Zamboanga City, Negros Occidental and Batangas are currently experiencing the effects of the El Niño phenomenon, based on data from the Philippine Atmospheric, Geophysical, and Astronomical Services Administration (PAGASA).
PAGASA meteorologist Rodel Inclan mentioned that they are examining two weather models that could impact the weather in Zamboanga in the upcoming months. The first scenario suggests the continuation of warm weather until February, while the second model indicates the possibility of drought persisting until May.
Anticipated by the end of May is a neutral weather condition preceding the commencement of the rainy season.

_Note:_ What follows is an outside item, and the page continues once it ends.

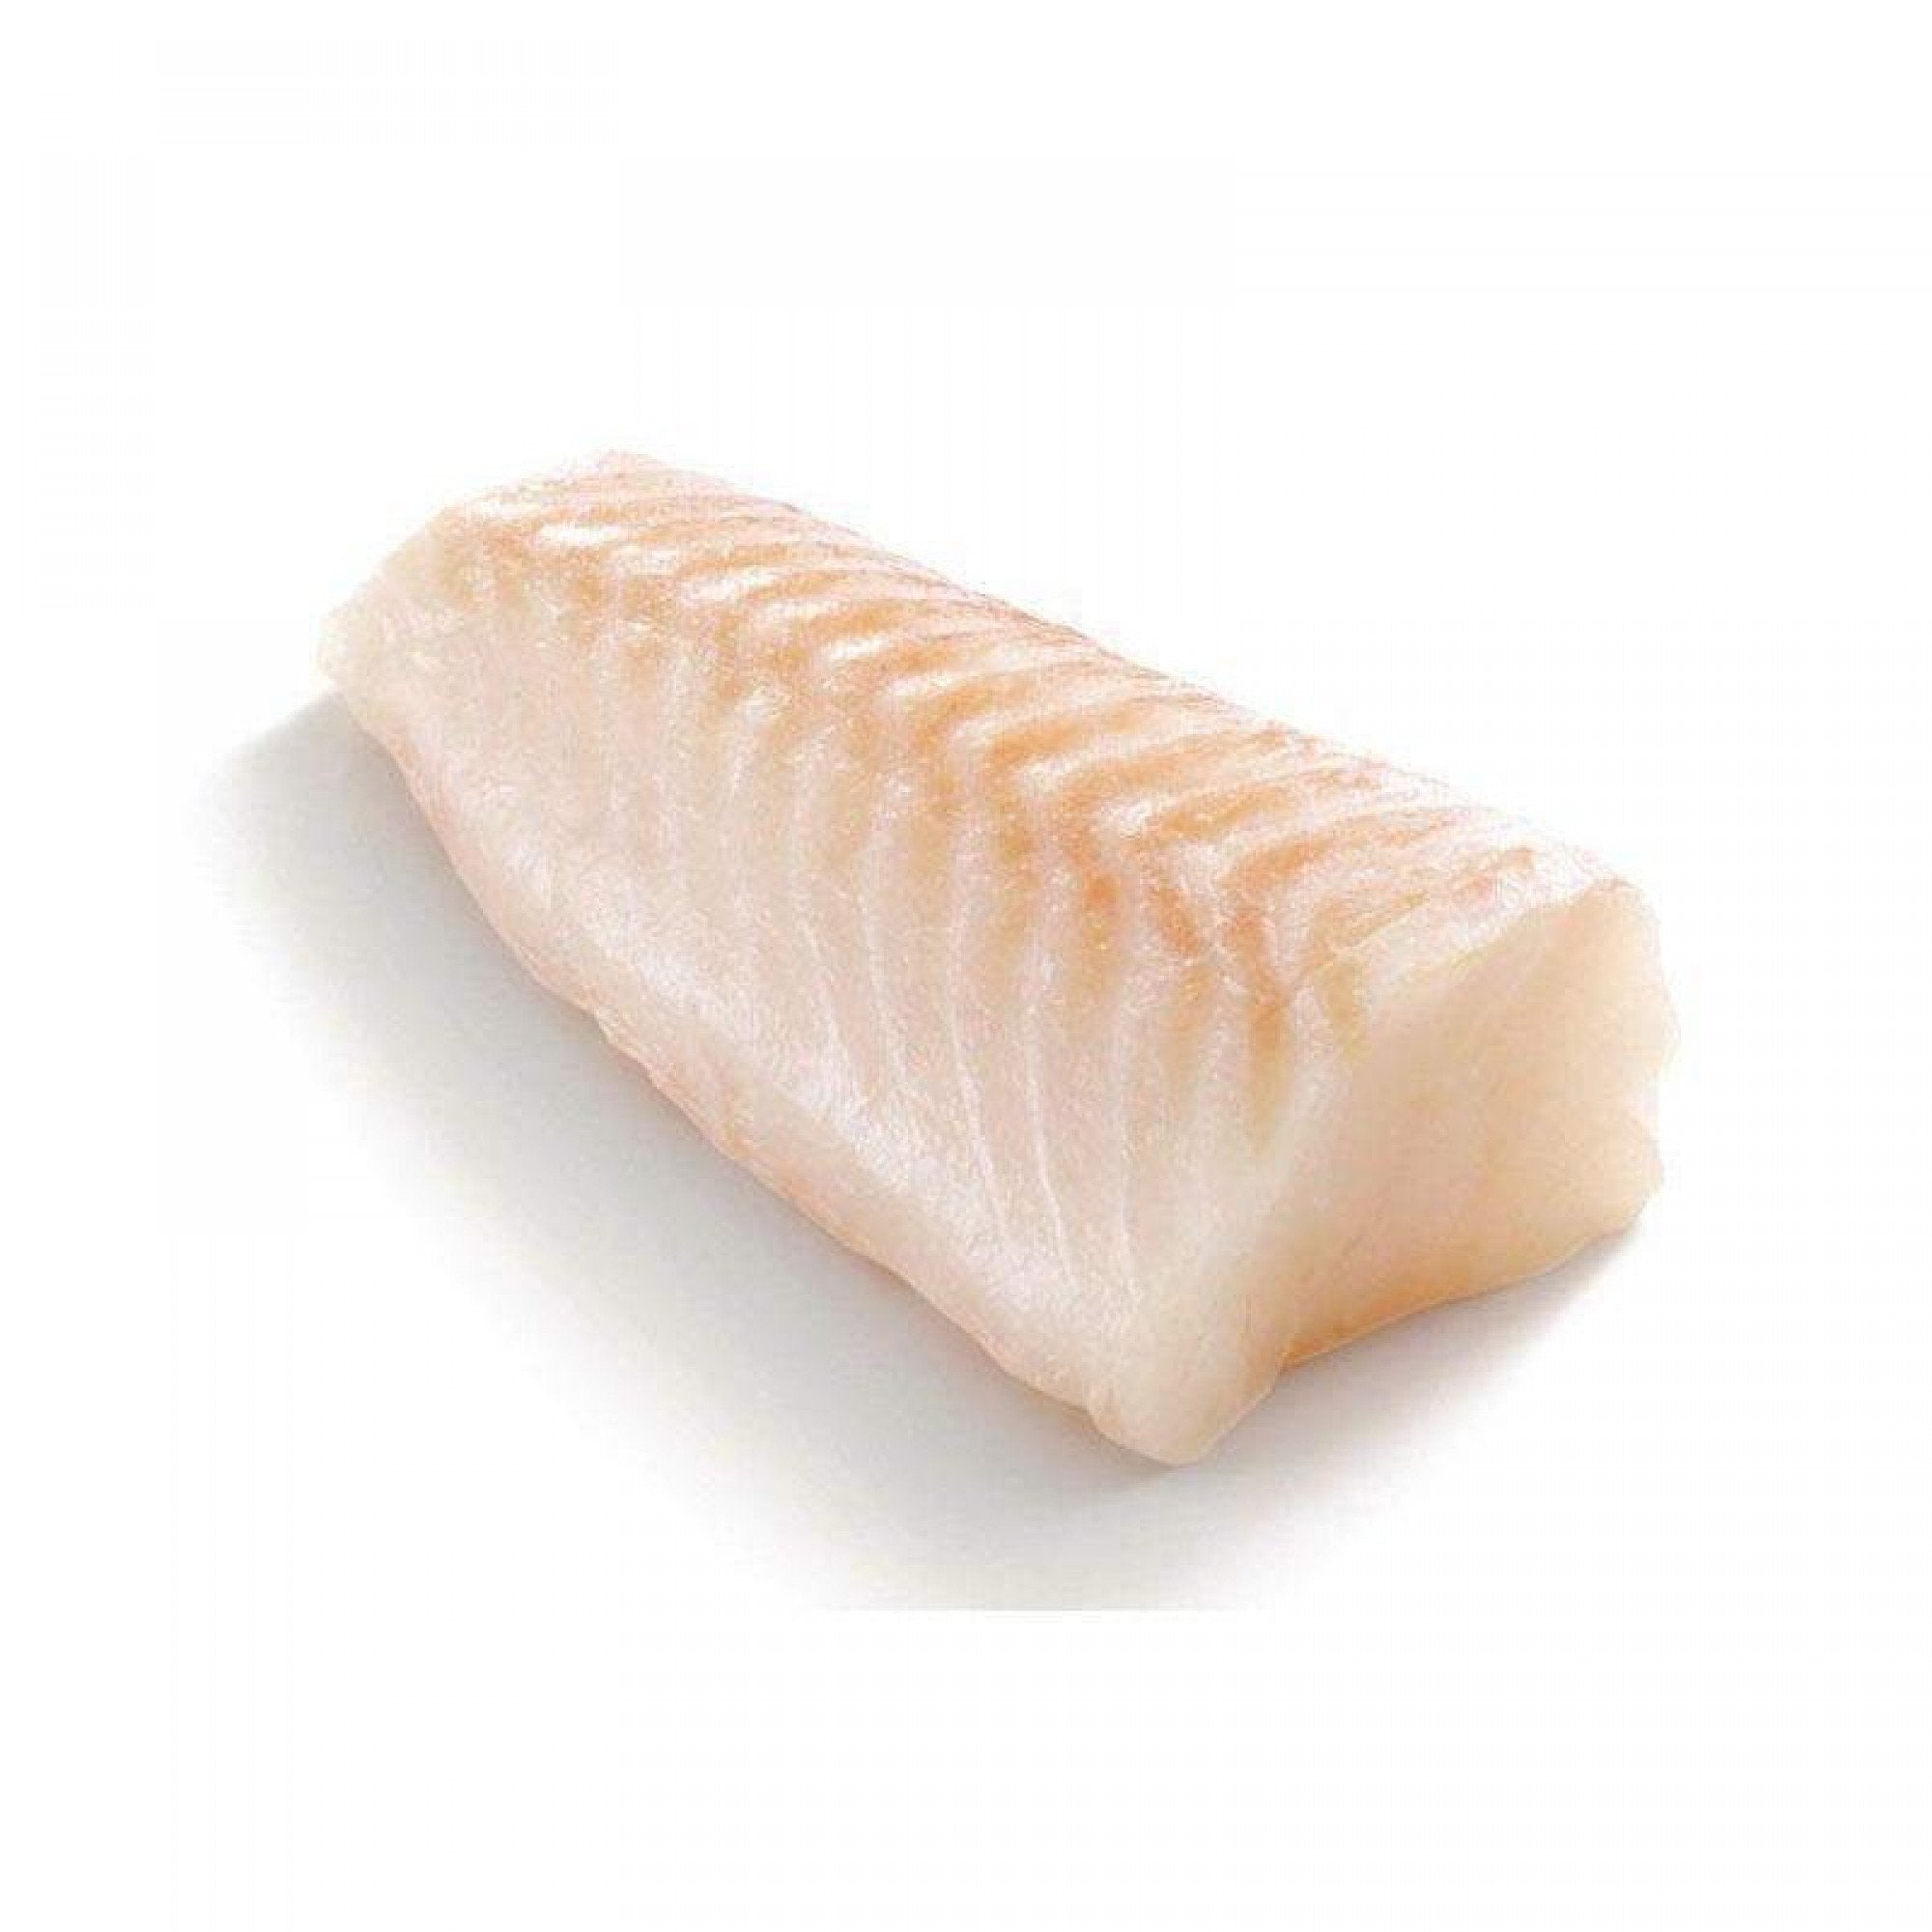 Cod Loins Skinless Boneless Small/Medium - Seafood Direct UK

Inclan highlighted that despite the occurrence of rainfall in the city, the recorded volume by PAGASA remains below the usual levels.
Due to diminishing water levels in the Dumalon River, the Zamboanga City Water District is presently enforcing water rationing in the central and western areas of the city.
Meanwhile, some sugar-producing areas in the country also felt the effects of El Niño.
As reported by Bernadette Reyes on Unang Balita on Wednesday, January 24, the Sugar Regulatory Administration (SRA) stated that sugar plantations in Kabankalan City, Negros Occidental, and Batangas are among the affected areas.
Due to this, the production of sugar has decreased.
The SRA reported a preliminary estimate indicating a decline in sugar production from the initial target of 1.850 million metric tons to 1.750 million metric tons. This marks a reduction of over 100,000 metric tons.
“Sometimes 20 to 30% or even more decrease… ‘Yung progressive farmers natin sa Negros, everyone has been complaining of a drop. In Batangas, the same thing. So this is all related to weather,” SRA Administrator Pablo Luis Azcona said.
If only there were enough water, sugar cane plants would thrive, the United Sugar Producers Federation of the Philippines (UNIFED) said.
“Ang effect nitong drought will be next crop year. Starting September of this year all the way to 2025, doon natin maramdaman na short na naman tayo,” UNIFED president Manuel Lamata said.